RECORDS SUPPLIED:
▬▬▬▬▬▬▬▬▬▬

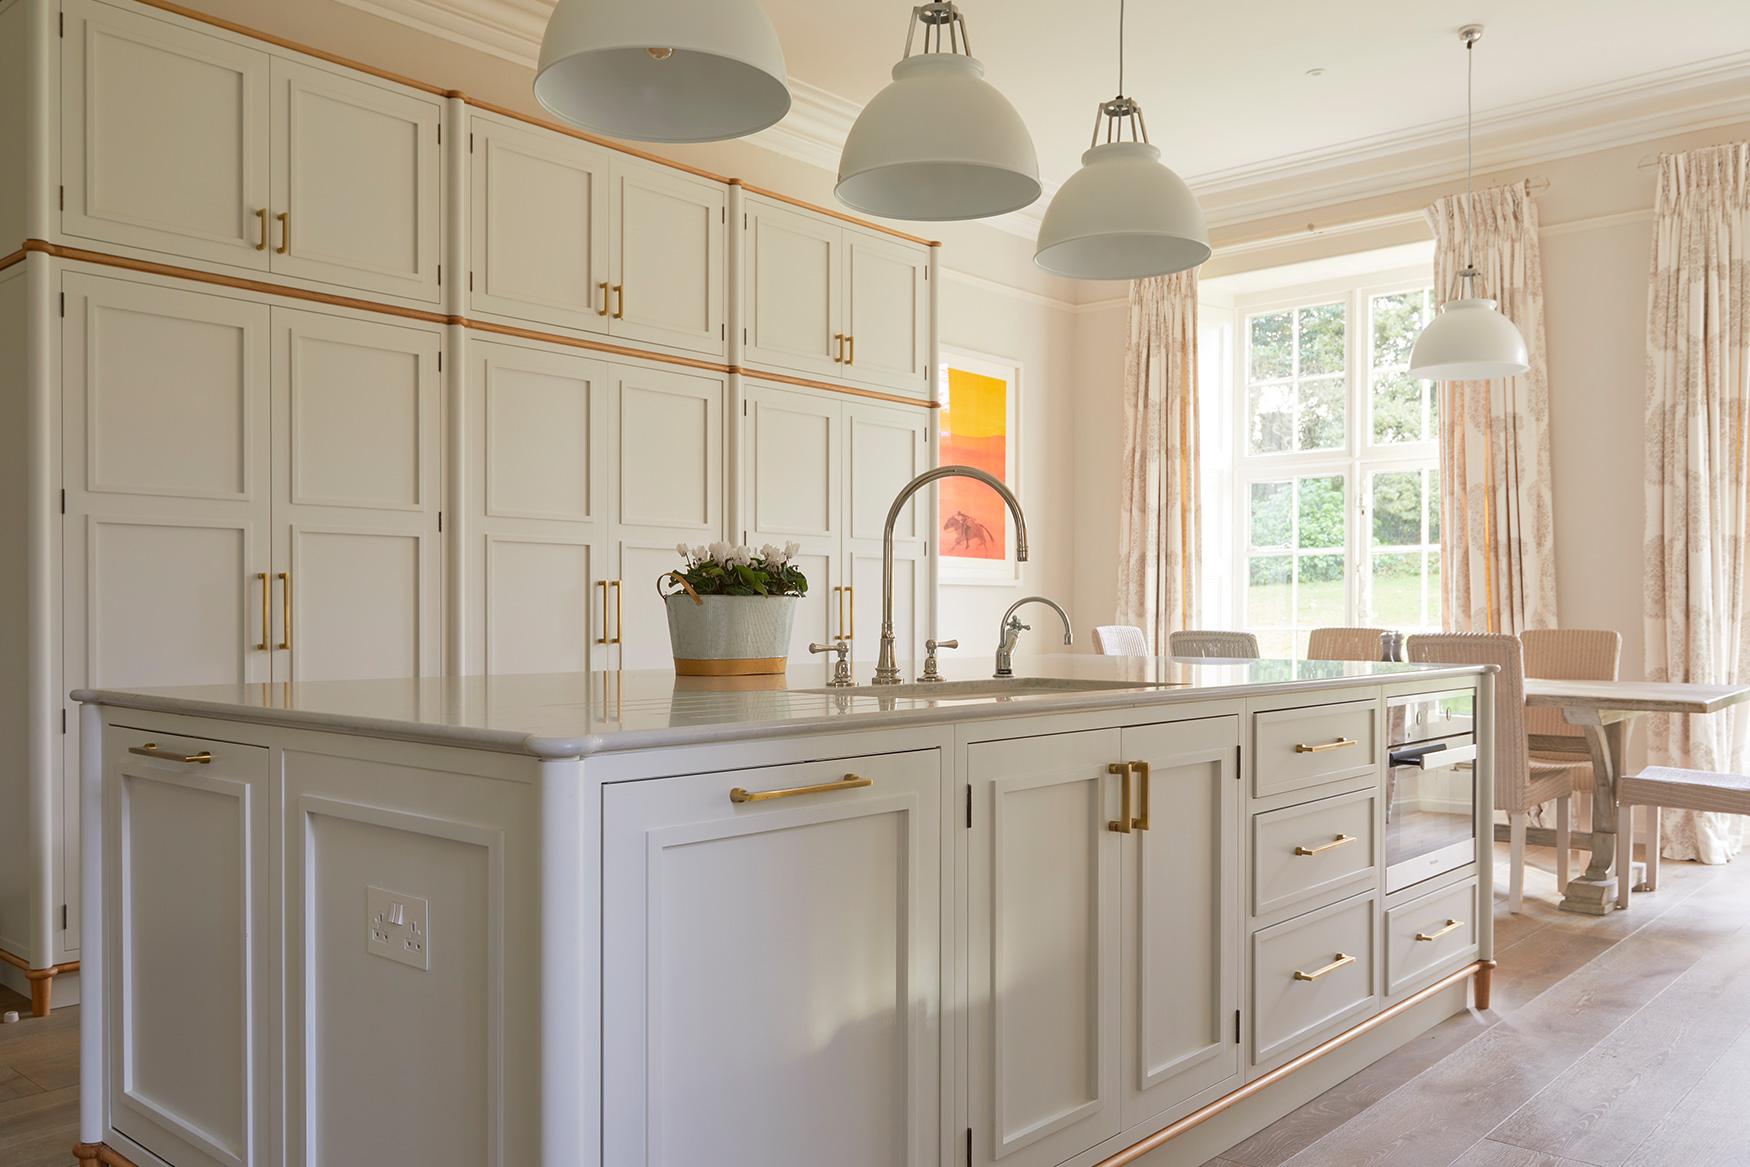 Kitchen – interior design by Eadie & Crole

▬▬▬▬▬▬▬▬▬▬

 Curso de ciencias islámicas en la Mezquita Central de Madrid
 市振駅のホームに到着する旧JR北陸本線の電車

▬▬▬▬▬▬▬▬▬▬

WHAT IS EXPECTED:
Return only the part of the records above that opens with the line containing "Curso de ciencias" and closes with the line containing "市振駅のホームに到着する旧JR北陸本線の電車", ends included.

EXERCISE RESULT:
 Curso de ciencias islámicas en la Mezquita Central de Madrid
 市振駅のホームに到着する旧JR北陸本線の電車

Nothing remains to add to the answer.